Post-TARE Survival Outcomes in Hepatocellular Carcinoma: Influence of Pre-TARE Immunotherapy and Targeted Therapy in a Real-World Cohort.

[BACKGROUND] Transarterial radioembolization (TARE) combined with systemic therapy has shown activity in unresectable hepatocellular carcinoma (HCC). However, the prognostic impact of different treatment exposures before TARE in real-world practice remains unclear.

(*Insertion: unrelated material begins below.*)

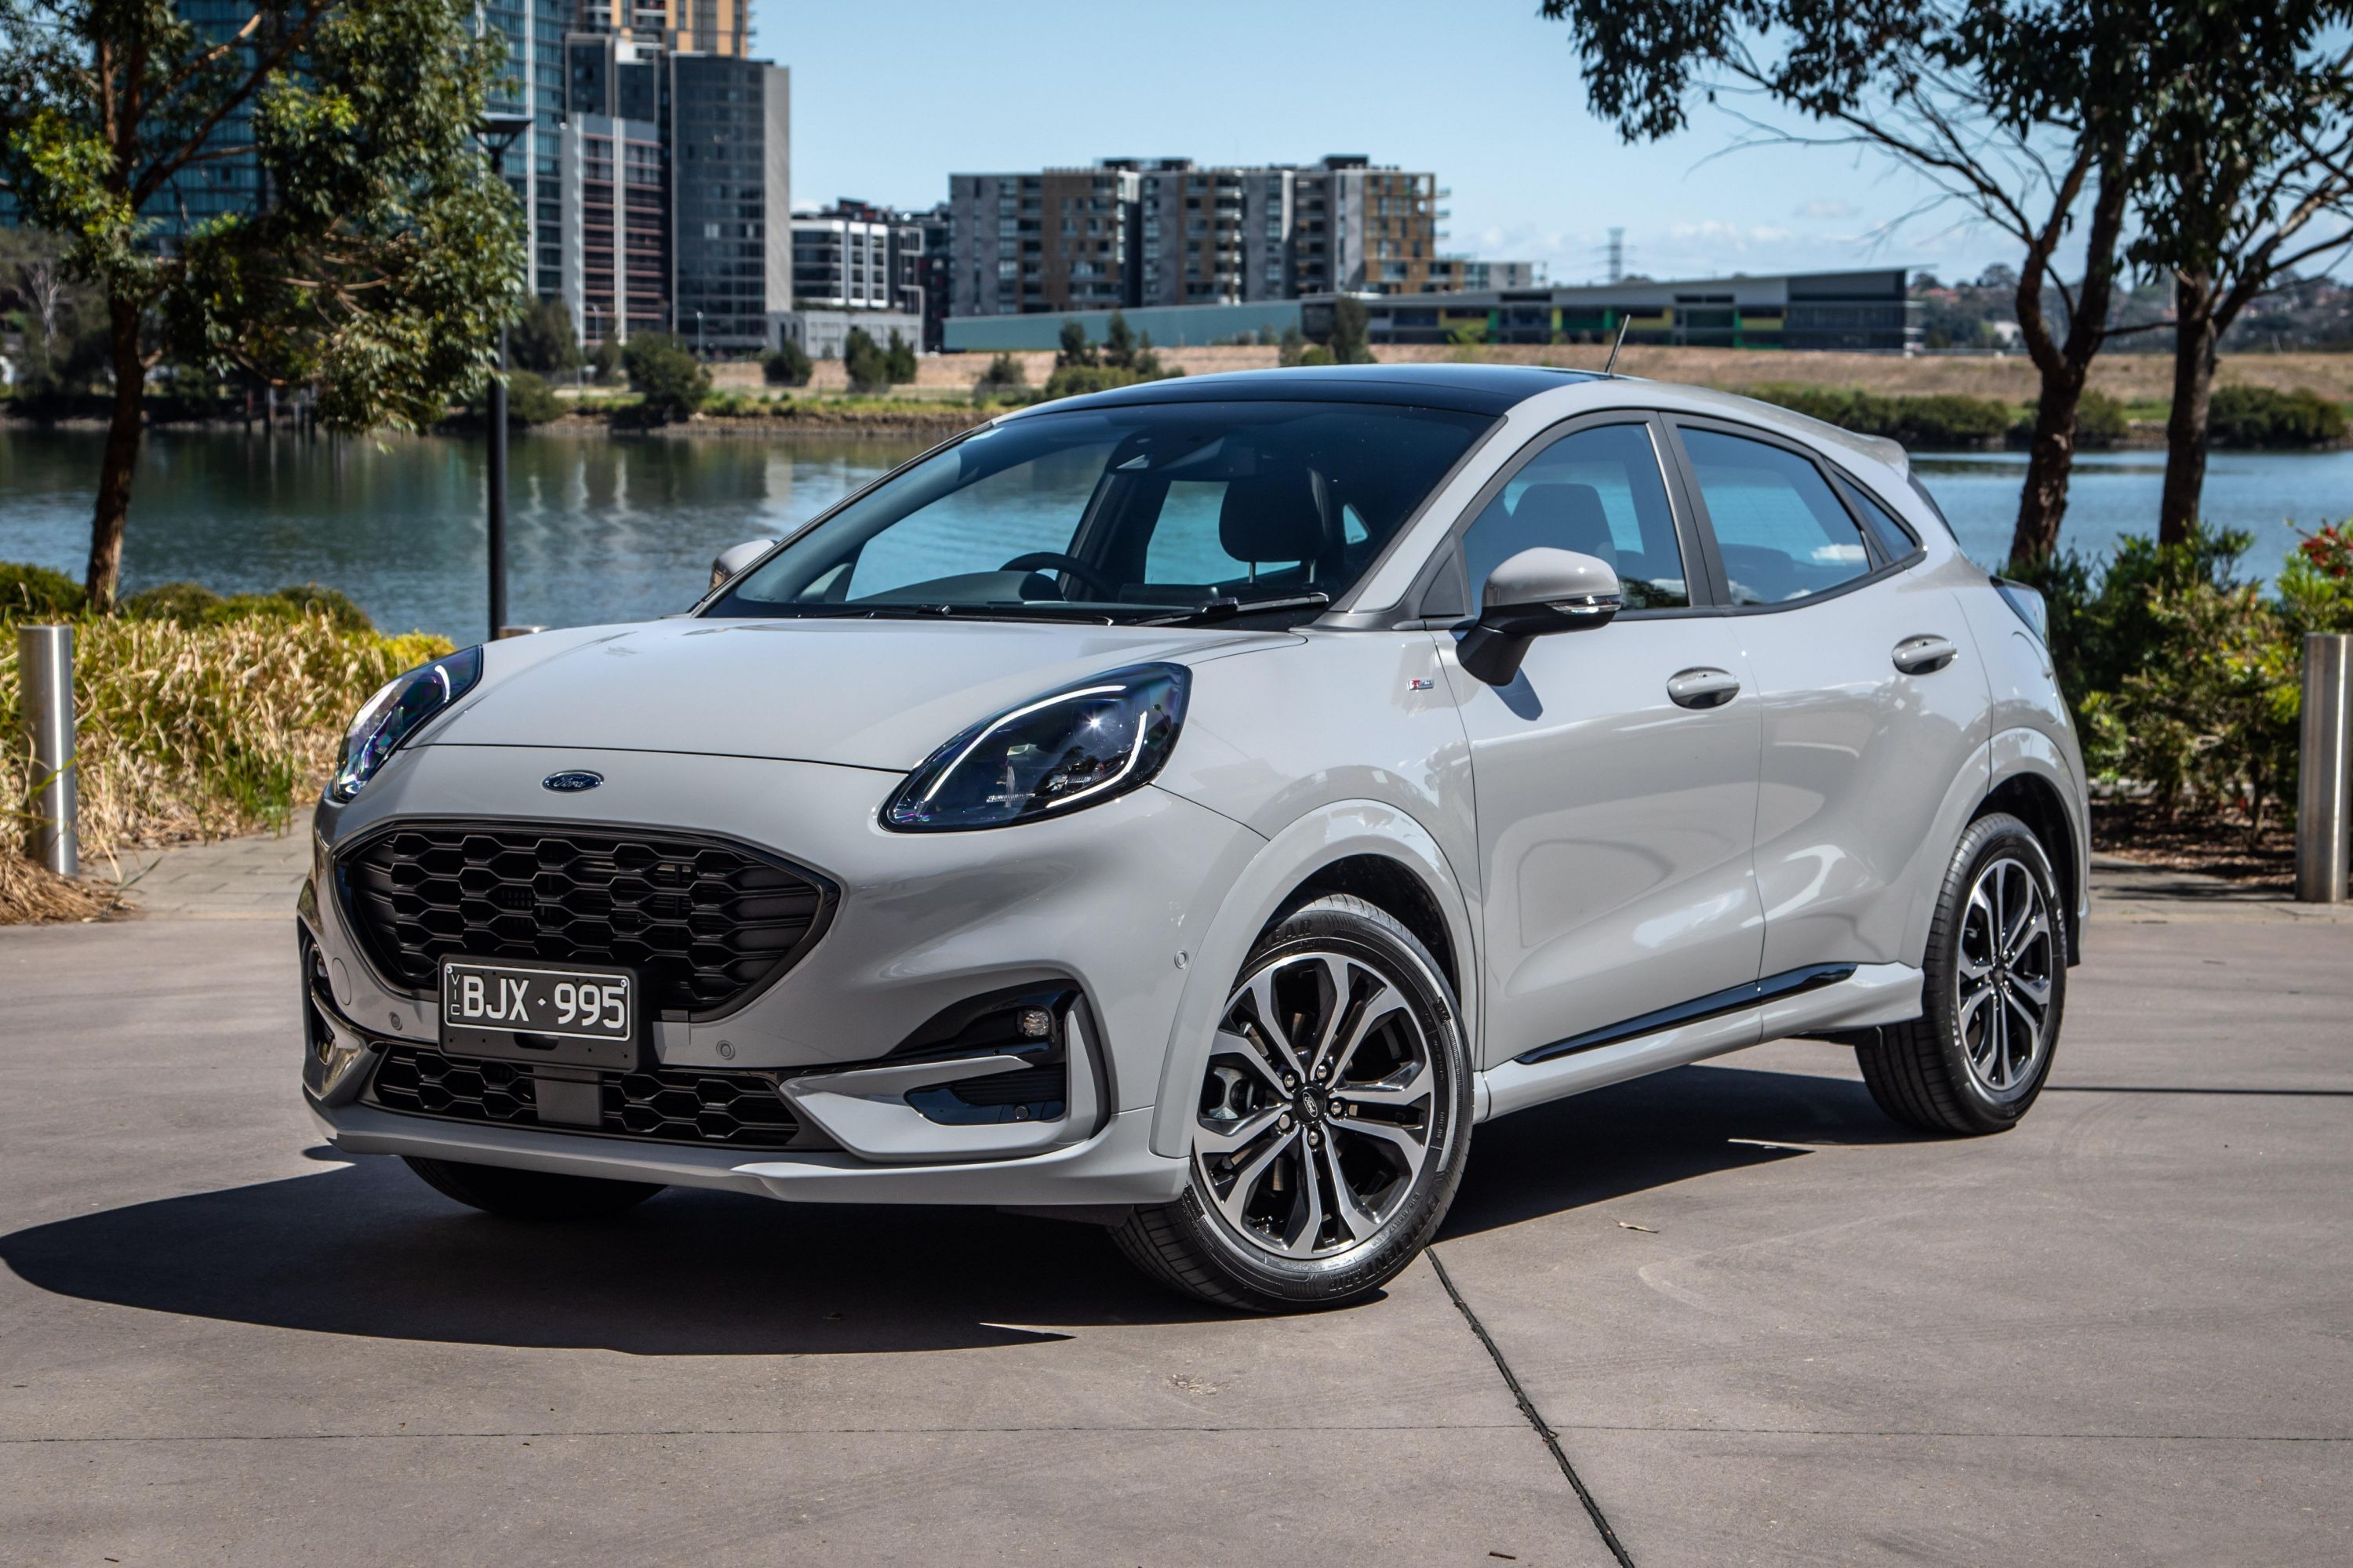 2021 Ford Puma price and specs | CarExpert

[METHODS] This single-center retrospective study included 71 patients with HCC who underwent TARE between November 2022 and August 2025. TARE was defined as the unified clinical landmark for outcome assessment. Patients were stratified according to treatment exposure before TARE: those who received ≥2 cycles of immune checkpoint inhibitors combined with targeted therapy prior to TARE (Group 1) and those who underwent TARE as the initial major treatment (Group 2). Progression-free survival (PFS), overall survival (OS), and objective response rate (ORR) were evaluated. Cox regression analyses were performed to identify prognostic factors, including baseline neutrophil-to-lymphocyte ratio (NLR).

[RESULTS] Group 2 achieved a significantly higher ORR than Group 1 (87.5% vs 56.4%, P = 0.004). Median PFS was significantly longer in Group 2 than in Group 1 (17.45 vs 4.86 months; hazard ratio = 0.327, 95% confidence interval: 0.125-0.856, P = 0.023). No significant difference in OS was observed during the current follow-up period. Patients with baseline NLR ≤3.28 experienced significantly prolonged PFS compared with those with NLR >3.28.

[CONCLUSION] In this real-world cohort, treatment exposure prior to TARE was associated with post-TARE PFS and tumor response, but not with OS. These findings suggest that baseline treatment history and systemic inflammatory status influence post-TARE prognosis, rather than indicating the superiority of a specific treatment sequence. Prospective studies with longer follow-up are warranted.